• REQUIRED ACTION
Once the pictures have been removed, repeat the remainder of the records exactly.

(Collected data)
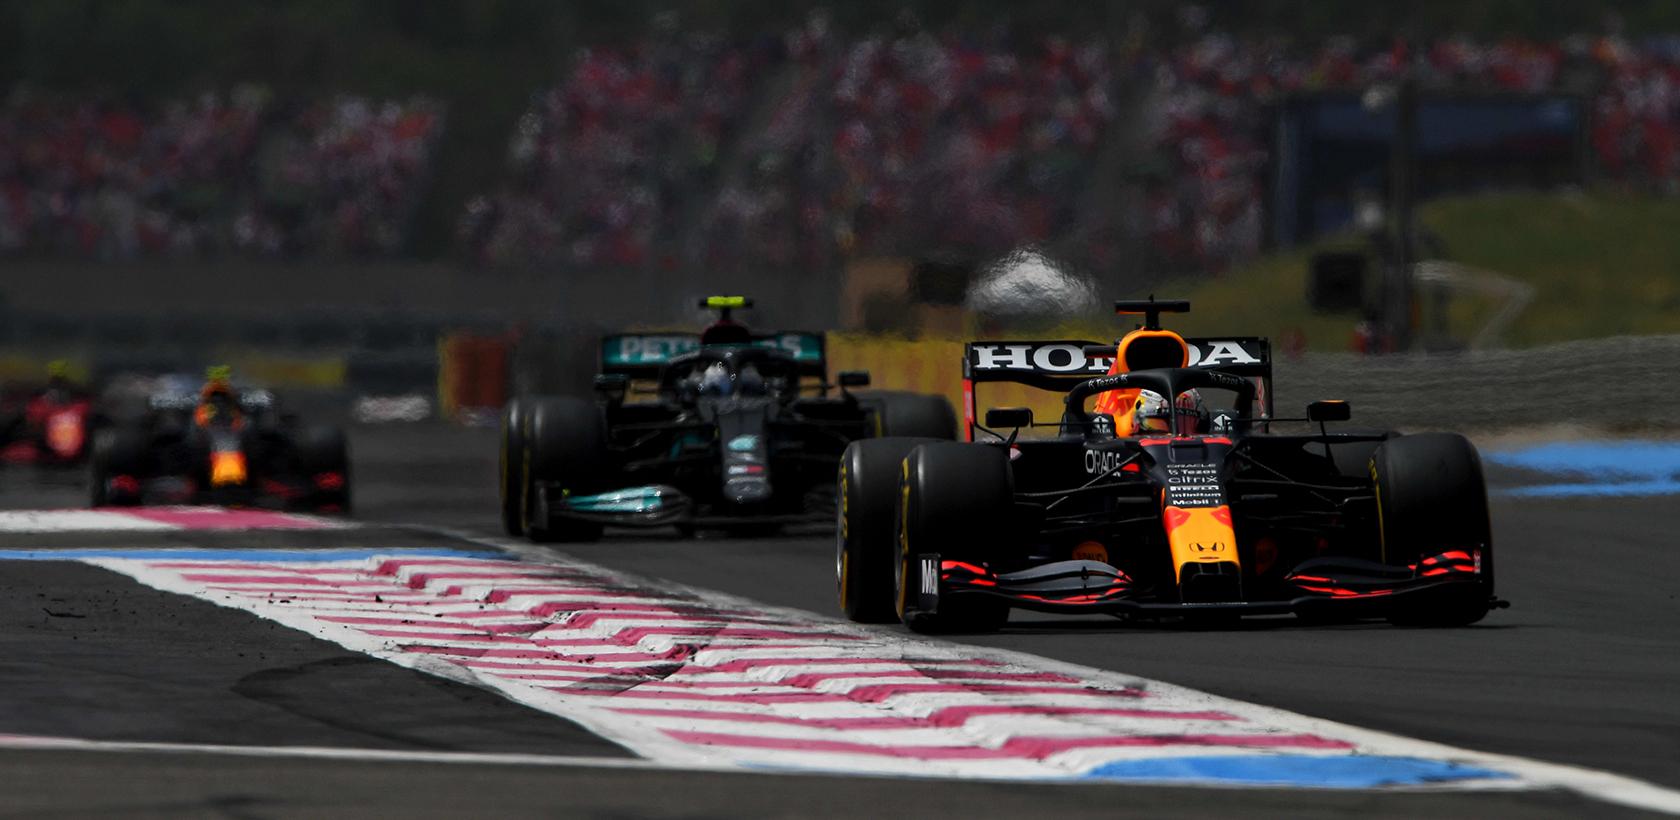 Victoire au Grand Prix F1 de France
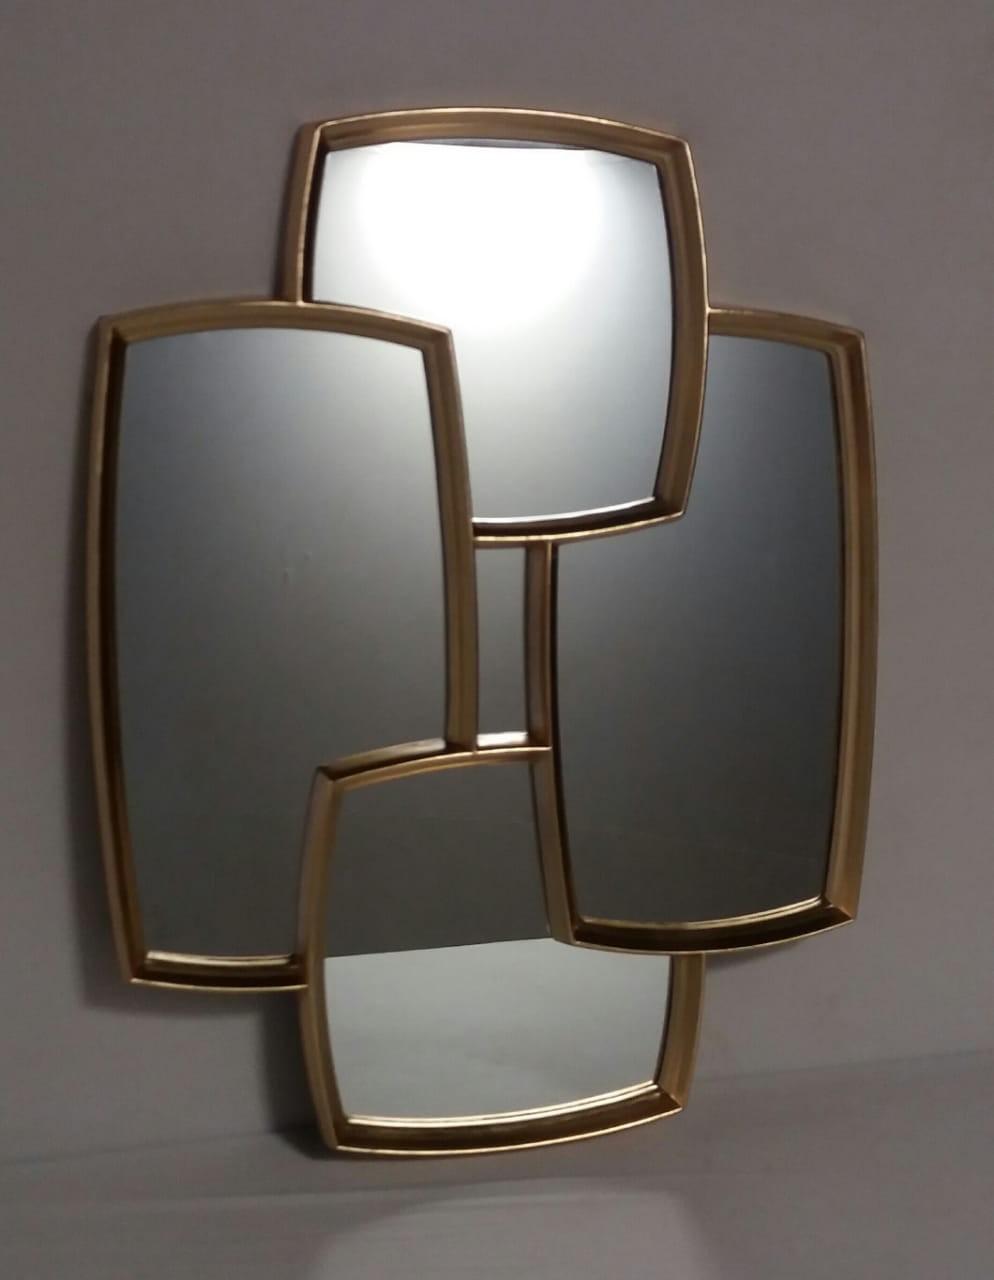 Espelho Decorativo Em Retangulos Dourados- Frontier
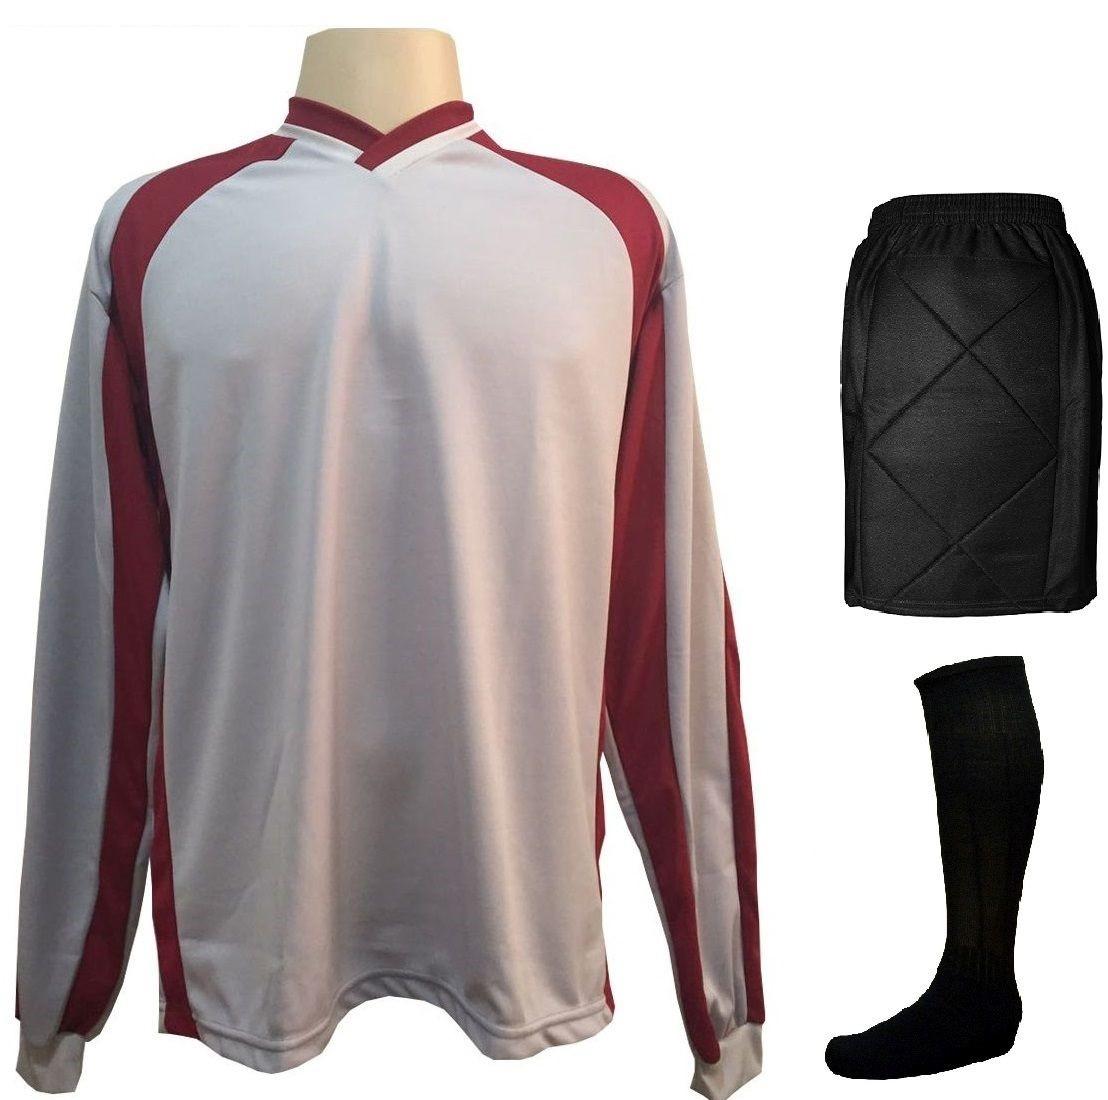 Fardamento Completo modelo Columbus 18+2 (18 Camisas Marinho/Vermelho + 18 Calções Madrid Marinho + 18 Pares de Meiões Marinho + 2 Conjuntos de Goleiro) + Brindes
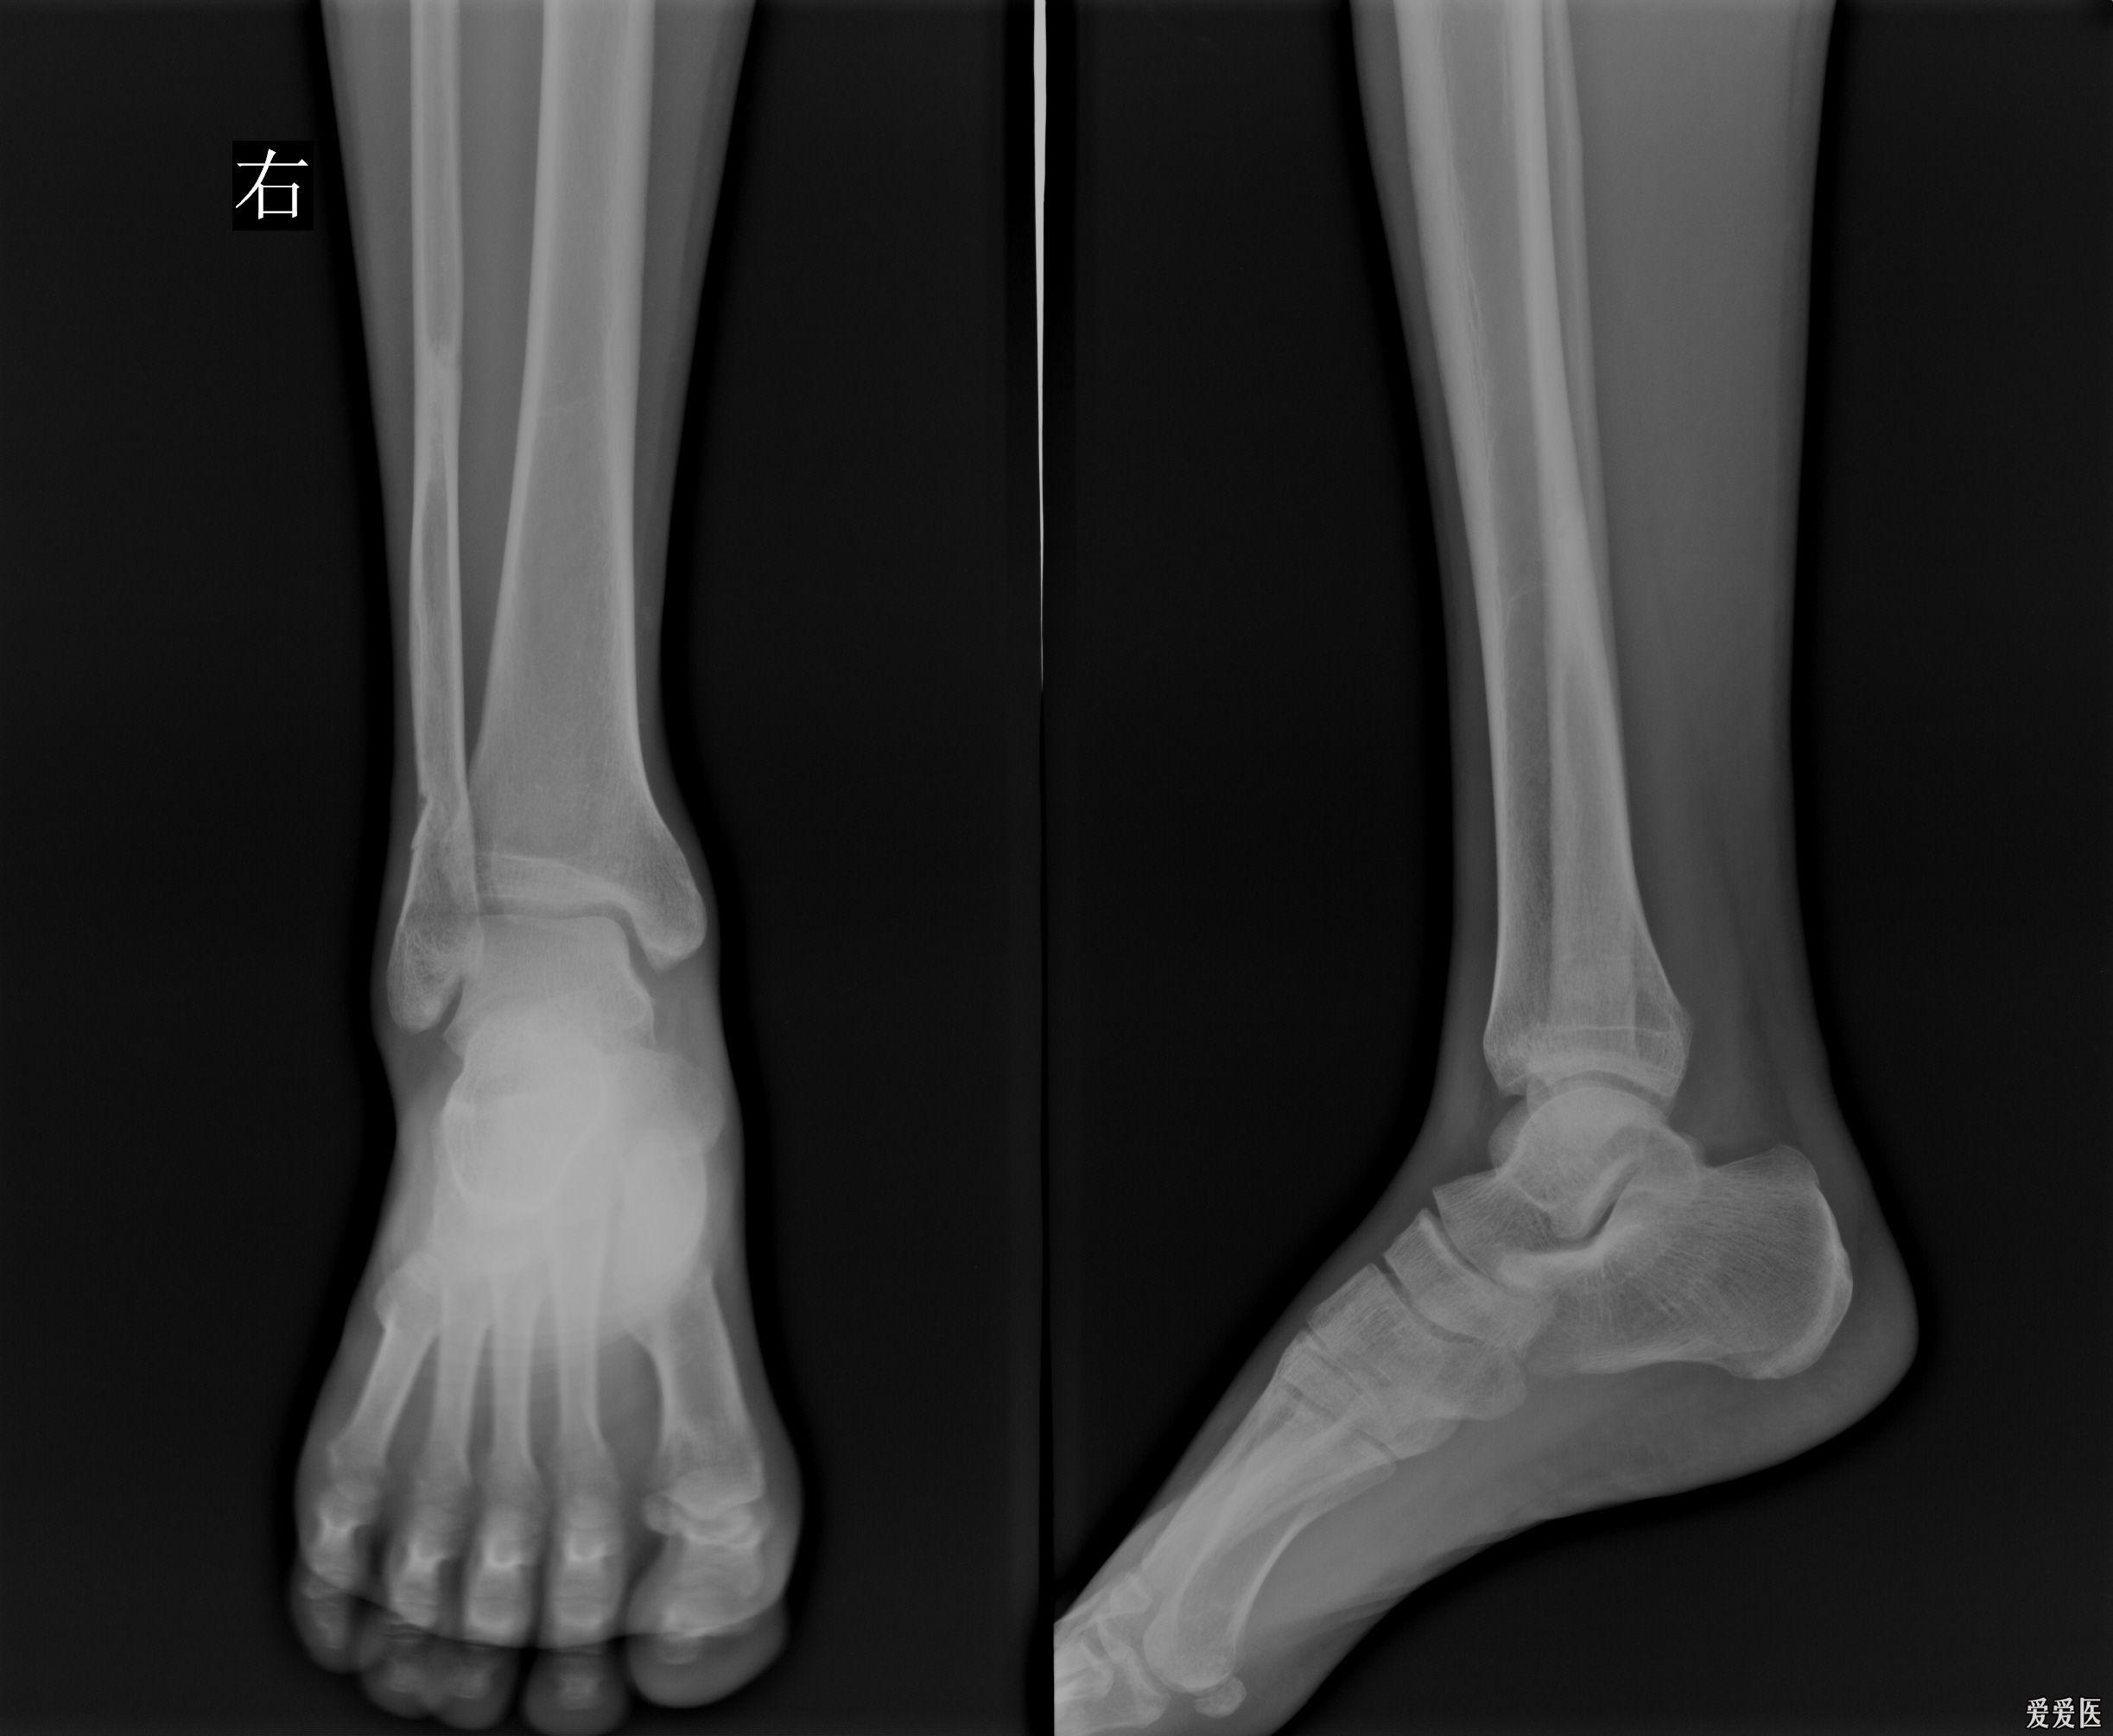 位 骨折 遠 腓骨 端 外くるぶしの骨折「腓骨遠位端部骨折」> 更新情報
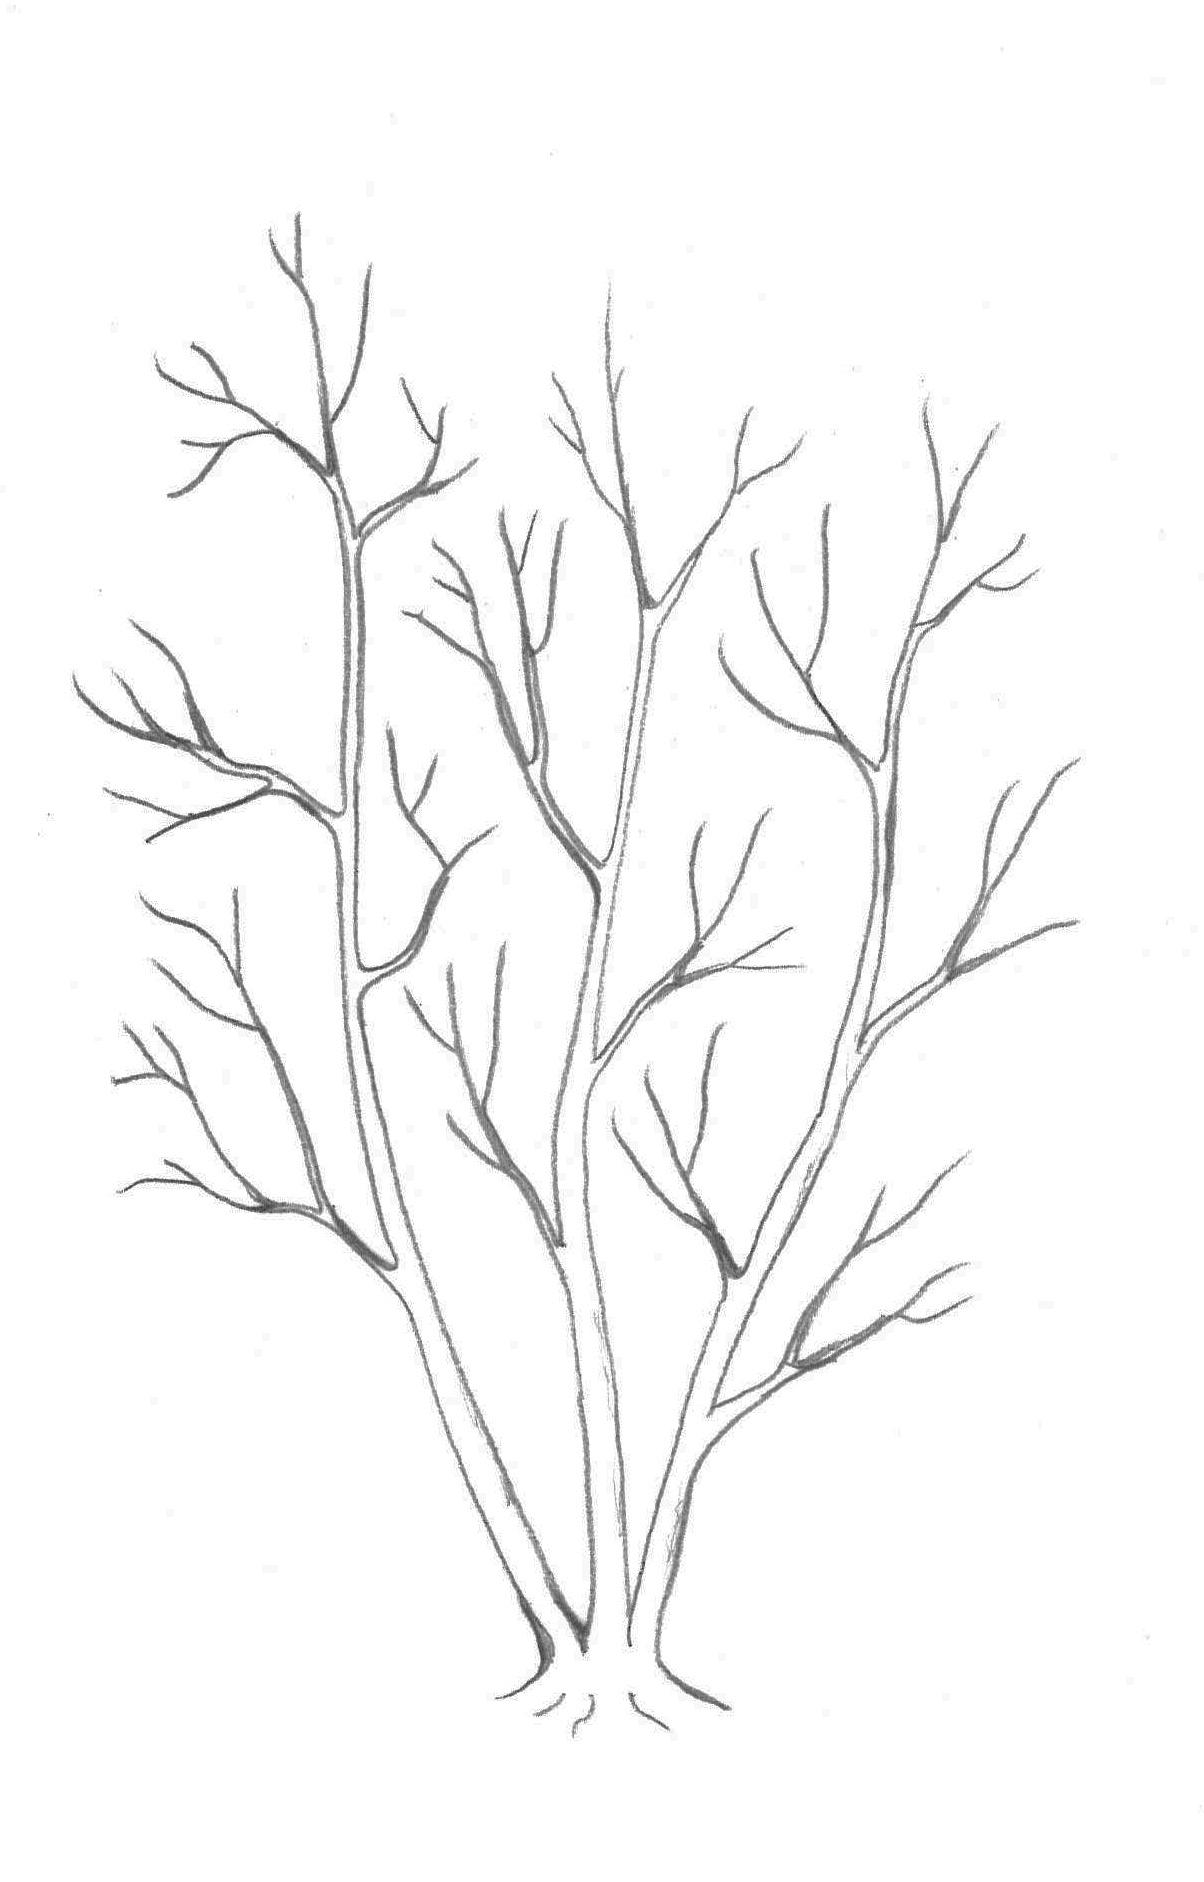 Le recépage peut être réalisé sur une tige saine pour former une cépée, c'est-à-dire plusieurs troncs se développant sur une même souche.

• RESULT
 Victoire au Grand Prix F1 de France
 Espelho Decorativo Em Retangulos Dourados- Frontier
 Fardamento Completo modelo Columbus 18+2 (18 Camisas Marinho/Vermelho + 18 Calções Madrid Marinho + 18 Pares de Meiões Marinho + 2 Conjuntos de Goleiro) + Brindes
 位 骨折 遠 腓骨 端 外くるぶしの骨折「腓骨遠位端部骨折」> 更新情報
 Le recépage peut être réalisé sur une tige saine pour former une cépée, c'est-à-dire plusieurs troncs se développant sur une même souche.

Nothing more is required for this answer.